The Novel Psychoactive Substance Cumyl-CH-MEGACLONE: Human Phase-I Metabolism, Basic Pharmacological Characterization and Comparison to Other Synthetic Cannabinoid Receptor Agonists with a γ-Carboline-1-One Core.

Abstract

Synthetic cannabinoids (SC) remain one of the largest groups of new psychoactive substances on the European drug market. In December 2018, Cumyl-CH-MEGACLONE, a novel SC based on a γ-carboline-1-one core structure, was firstly identified in Hungary and later also other European countries. This work aims to reveal the pharmacological characteristics and phase-I metabolism of Cumyl-CH-MEGACLONE and compare the data to its analogs Cumyl-PEGACLONE and 5F-Cumyl-PEGACLONE. The purified substance was characterized by means of gas chromatography-mass spectrometry (GC-MS), liquid chromatography-quadrupole time-of-flight mass spectrometry (LC-QToF-MS), attenuated total reflection infrared spectroscopy (ATR-FTIR) and nuclear magnetic resonance spectroscopy. Phase-I metabolites were identified by LC-QToF-MS analysis combined with a scheduled precursor ion list of authentic urine samples and confirmed by comparison with metabolites built in vitro by pooled human liver microsome assays.
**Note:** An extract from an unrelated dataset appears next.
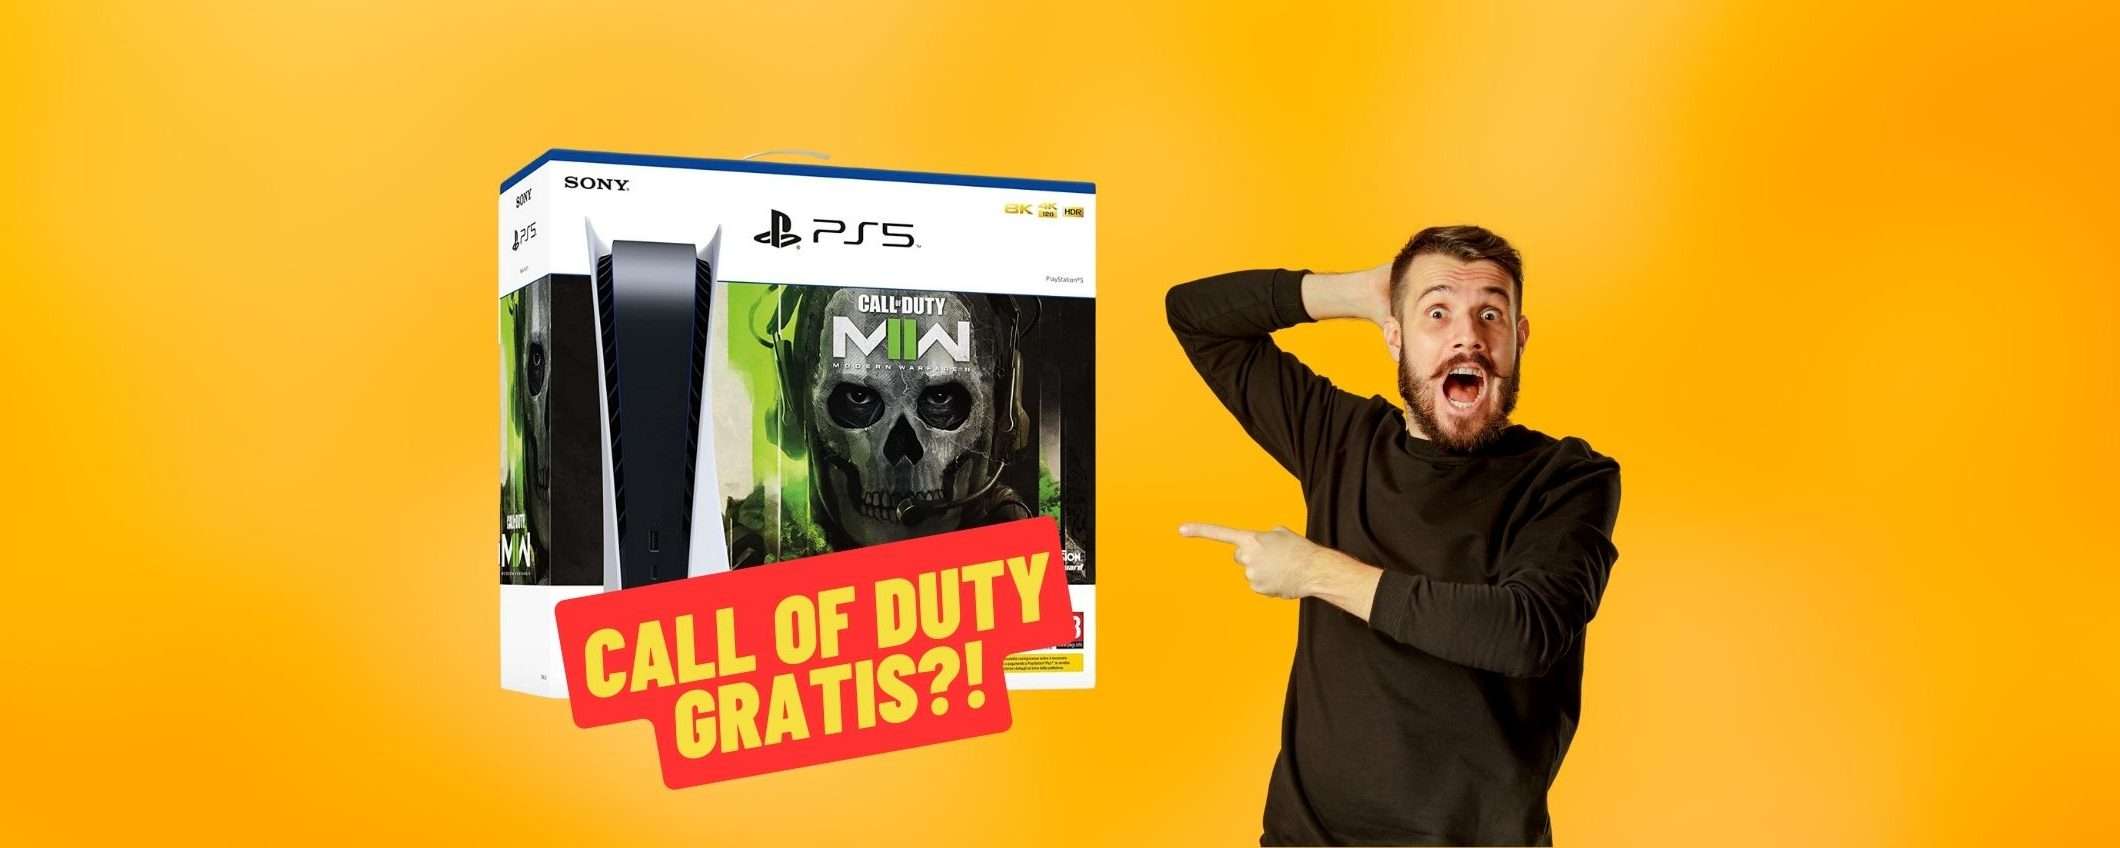 PlayStation 5 con Call of Duty GRATIS: l'incredibile offerta Amazon

Pharmacological data were obtained in a competitive ligand binding assay and a receptor activation assay at the human cannabinoid receptor 1 (hCB1). The structure of 5-cyclohexylmethyl-2-(2-phenylpropan-2-yl)-2,5-dihydro-1H-pyrido[4,3-b]indol-1-one (semisystematic name: Cumyl-CH-MEGACLONE) was identified in a herbal blend as the main active ingredient. Investigation of phase-I biotransformation of Cumyl-CH-MEGACLONE led to three monohydroxylated metabolites (M08, M10 and M13) as reliable urinary markers for proof of consumption. At the hCB1, Cumyl-CH-MEGACLONE shows high binding affinity with Ki=1.01nM (2.5-fold higher than JWH-018), an EC50 of 1.22nM and high efficacy with EMAX=143.4% above constitutive activity of the receptor (1.13-fold higher than JWH-018). Comparison to the analogs 5F-Cumyl-PEGACLONE and Cumyl-PEGACLONE (both are hCB1 full agonists carrying a 5-fluoropentyl or pentyl chain instead of the cyclohexylmethyl moiety) suggests that Cumyl-CH-MEGACLONE is more likely to resemble the pharmacologic profile of the latter one.